In this way, given we have enough compute to run all of our jobs on the remaining nodes (and there are no extra constraints listed), downtime is minimised to almost nothing, even if a problem arises on one of the hosts.

The freedom and peace of mind this gives cannot be understated. Imagine you knew you could rely on Dublin Bus to always be at the bus stop when you expect it to be, without fail, or if it’s not there, there’s a very clear and obvious reason why it’s not there. Far fetched? Definitely - but not unachievable.

Downtime cannot be completely minimized in a few instances though. Moving the Bastion VM takes a little longer because of the nature of virtual machines and how quickly they spin up. It means that anything relying on ingress provided by the Bastion (see: web and Minecraft at the time of writing) will be interrupted. Luckily, restoring service is relatively easy. Backups of the qcow2 file can be served on a simple webserver for the Nomad client to download, and subsequently start. As the image was copied from a node that is connected to Nomad, starting the image back up will reconnect to Nomad also.

[!NOTE]
Note for Admins: When modifying the host that contains the Bastion VM, it’s advisable to drain the virtual machine first, then come back to the parent client and drain it. It will ensure that Nomad doesn’t mark the Bastion VM as “down”, rather than illegible. Any allocations on the Bastion VM will then also be placed as soon as it comes back online with little to no delay.
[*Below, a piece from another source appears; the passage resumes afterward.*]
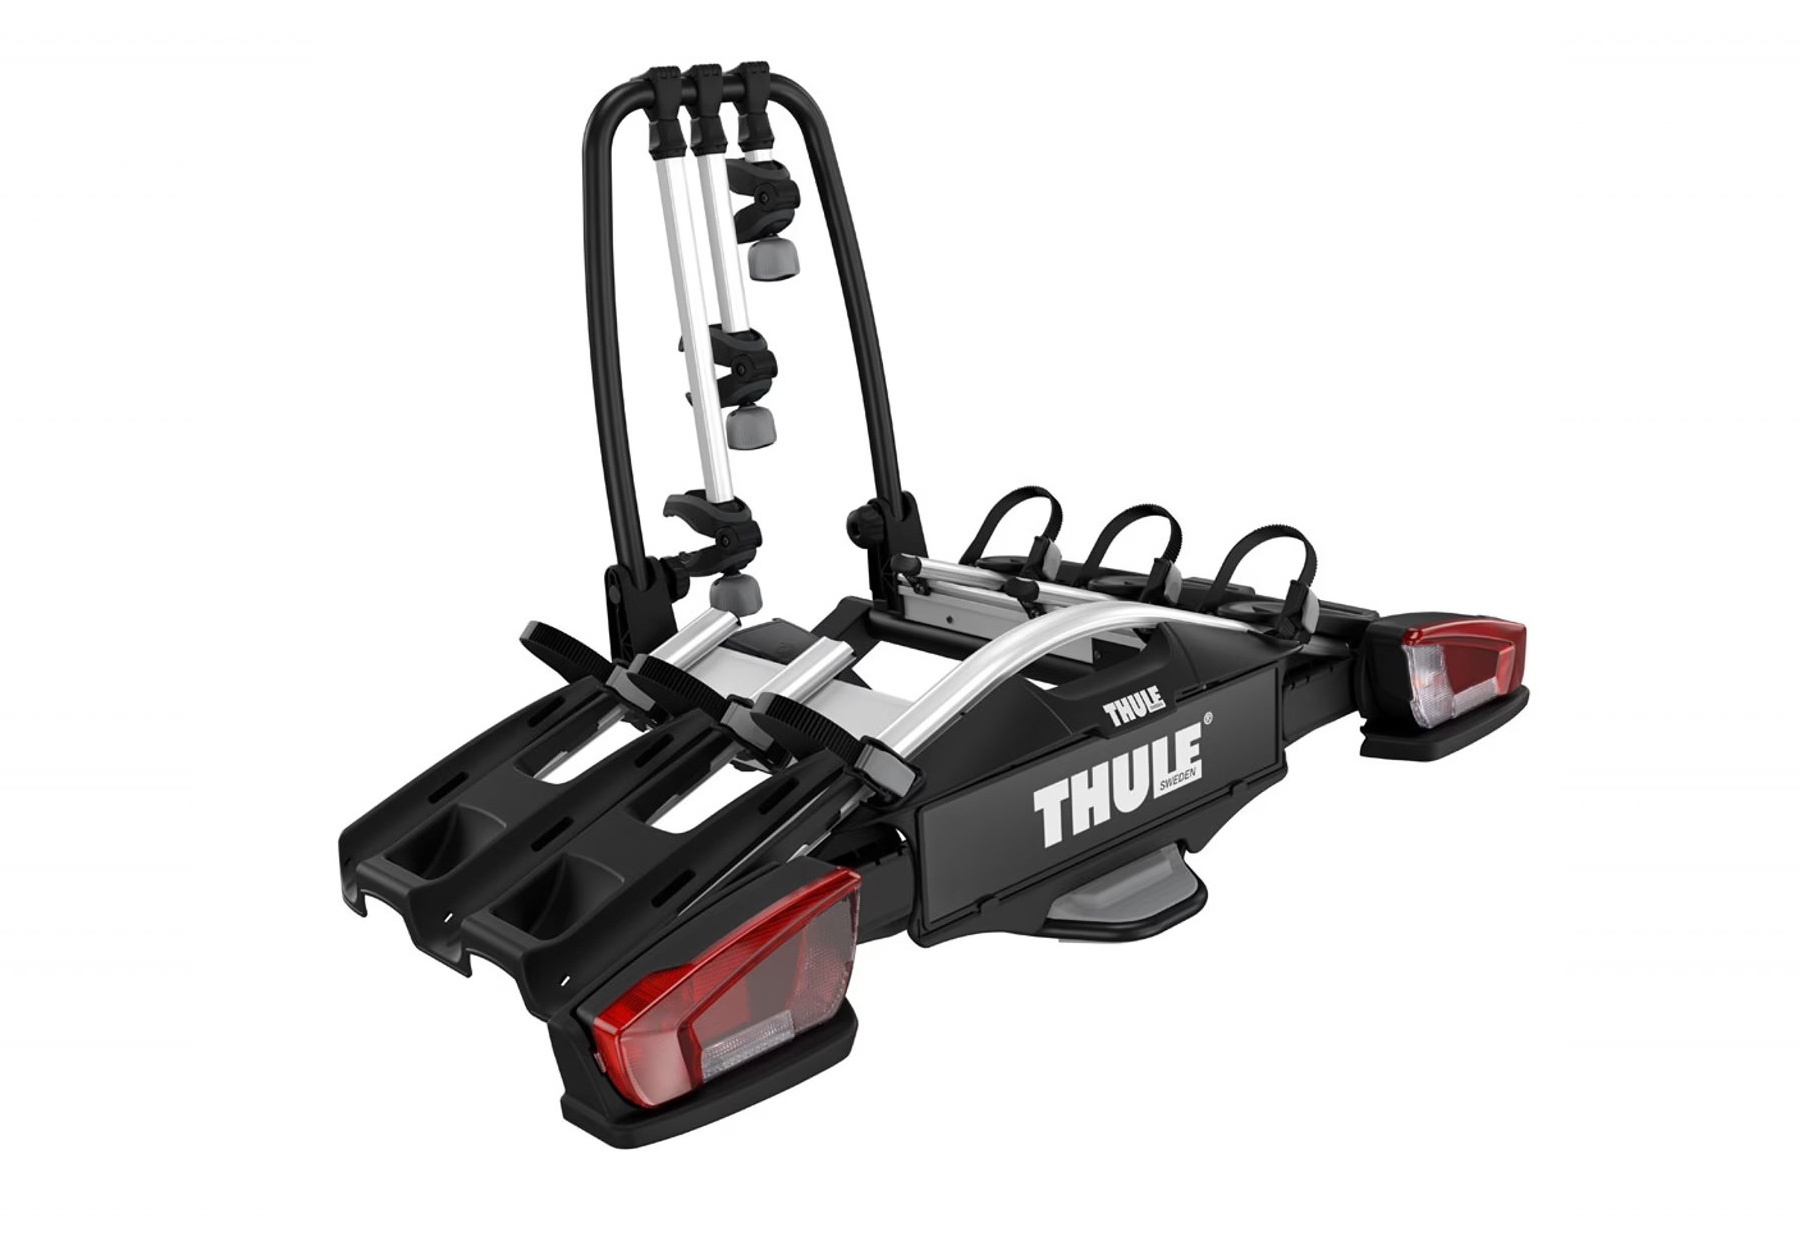 Thule VeloCompact 926 for carrying 3 bikes
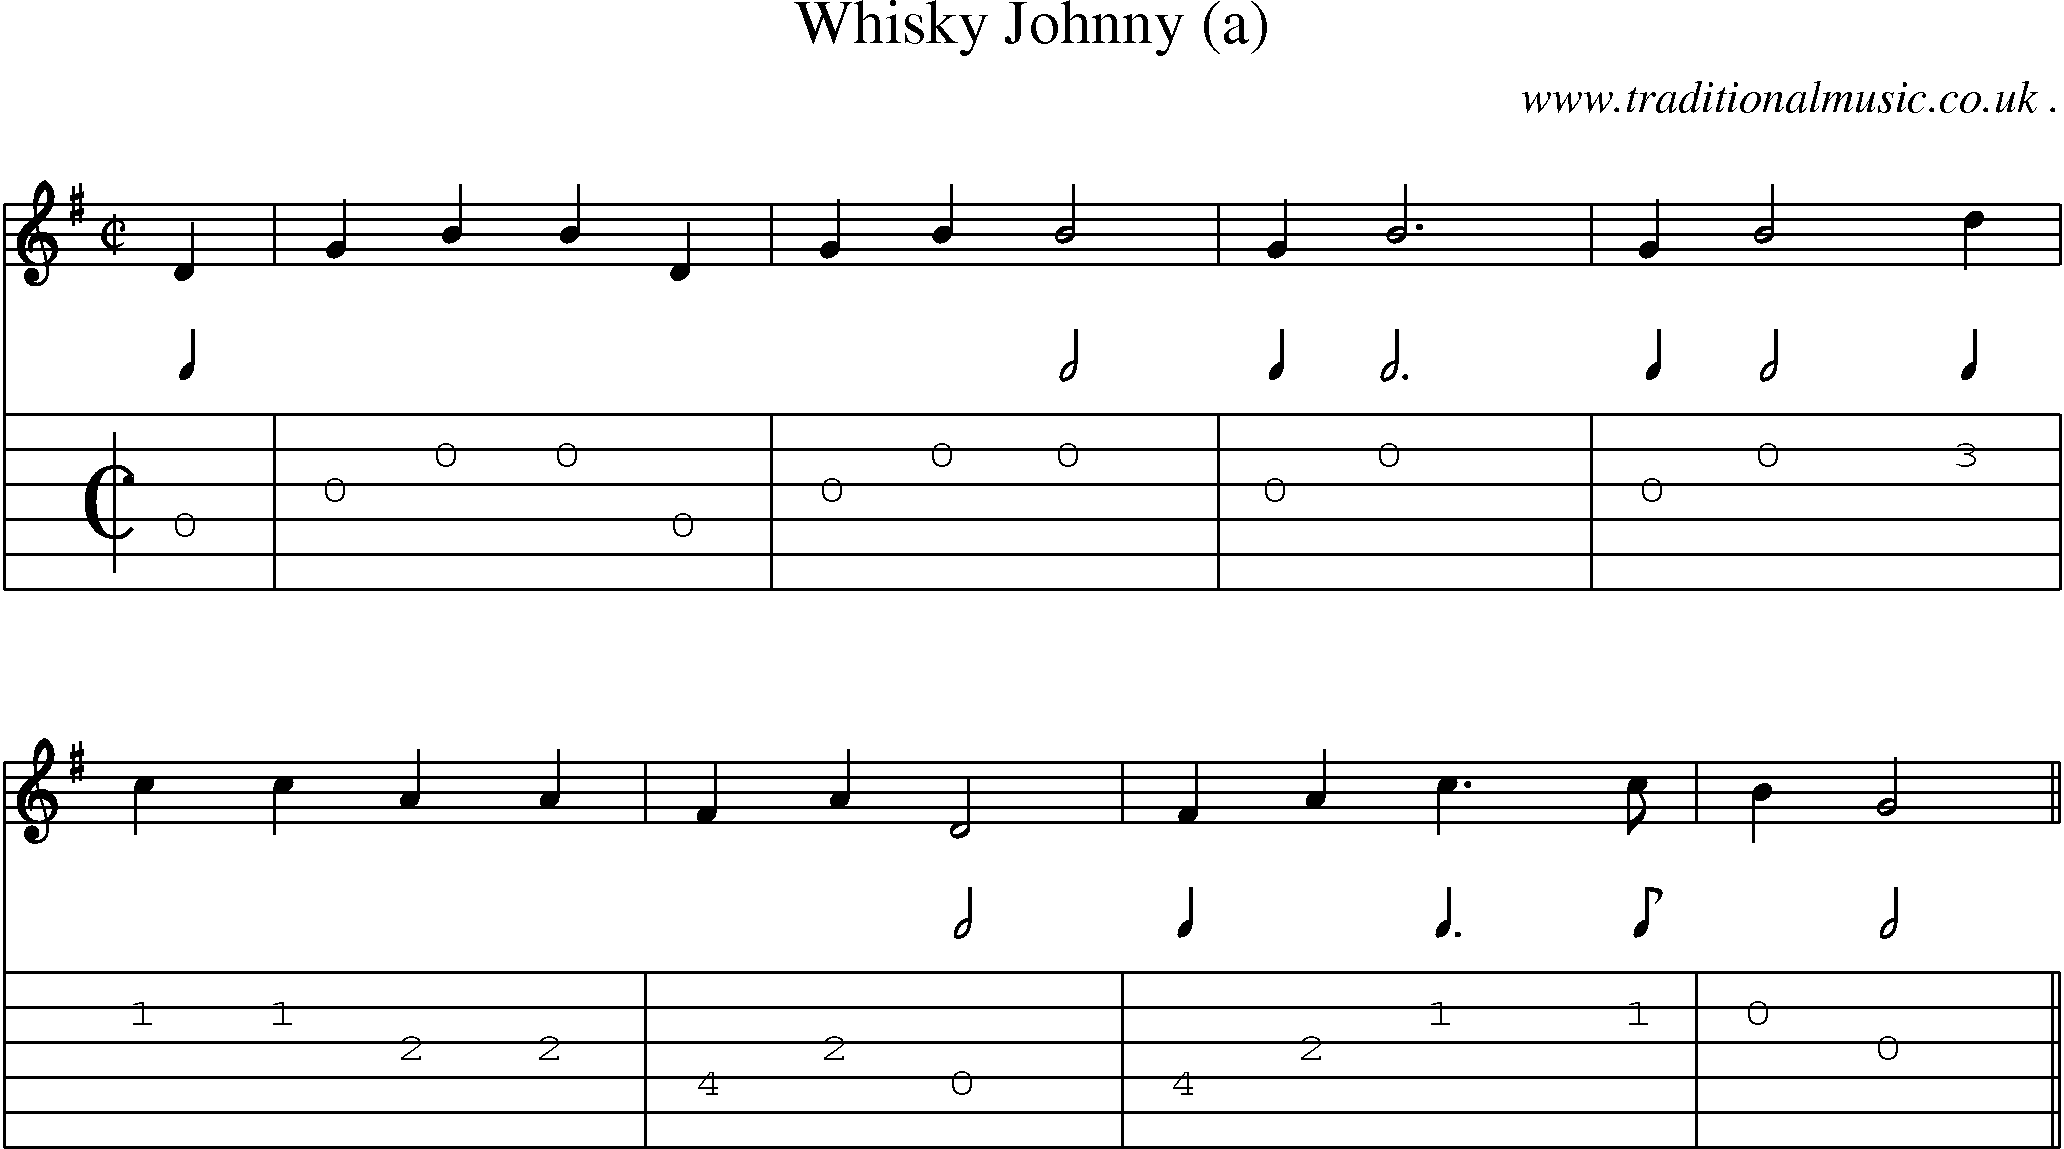 Sheet-Music and Guitar Tabs for Whisky Johnny (a)

You Mentioned Ansible, What is That?

Imagine you wanted to upgrade packages on your Linux machine or WSL or similar. You probably have one or two steps you follow. They might look like this:

1. apt update - update the local package cache
2. apt upgrade - actually go and replace the local version with an up to date one

These two steps are pretty good to do, and usually every single time you want to update your packages you perform these two commands. Now, let’s say you have 5 servers to manage, you might write a little script that connects to each server with ssh and runs the two commands, or you might use something like parallel-ssh. All of these are well and good, but they lose their portability very quickly. Enter, Ansible.

Ansible is like a bash script that uses ssh on steroids. It uses yaml to inform the steps it should take (the apt update and apt upgrade from above) and pulls information about what hosts or servers it should affect from a dynamic or static inventory file.

The inventory file contains the connection instructions (and sometimes some facts) for ansible to connect to a server. Below is an example.

glados ansible_host=10.10.0.4
wheatley ansible_host=10.10.0.5
chell ansible_host=10.10.0.6
johnson ansible_host=10.10.0.7

[all:vars]
ansible_user=mojito

[nomad]
glados
wheatley
chell

The above “inventory” file is pretty basic, but conveys the majority of what you need to know. In this file, nodes (servers, virtual machines) are defined by default in the all group. Each one has a custom fact attached to it, specifying what the local address of the node is. The all group also has a set of variables attached to it, specifying the connecting user.

You can break nodes into further groups by specifying a nomad group for example, and placing the hostname, address or FQDN of the node under it. Custom groups can also have variables attached to them for more granularity.

TL;DR?

Fine, fine.

In summary, scheduled maintenance and downtime has become a whole lot easier to plan, execute, and tidy up afterwards. Given no network failure, we can essentially limit downtime of services to approximately the time it takes a virtual machine to start for single host maintenances. Larger maintenances will definitely have a wider margin, but baby steps.

It’s certainly a damn sight better than whatever we had before.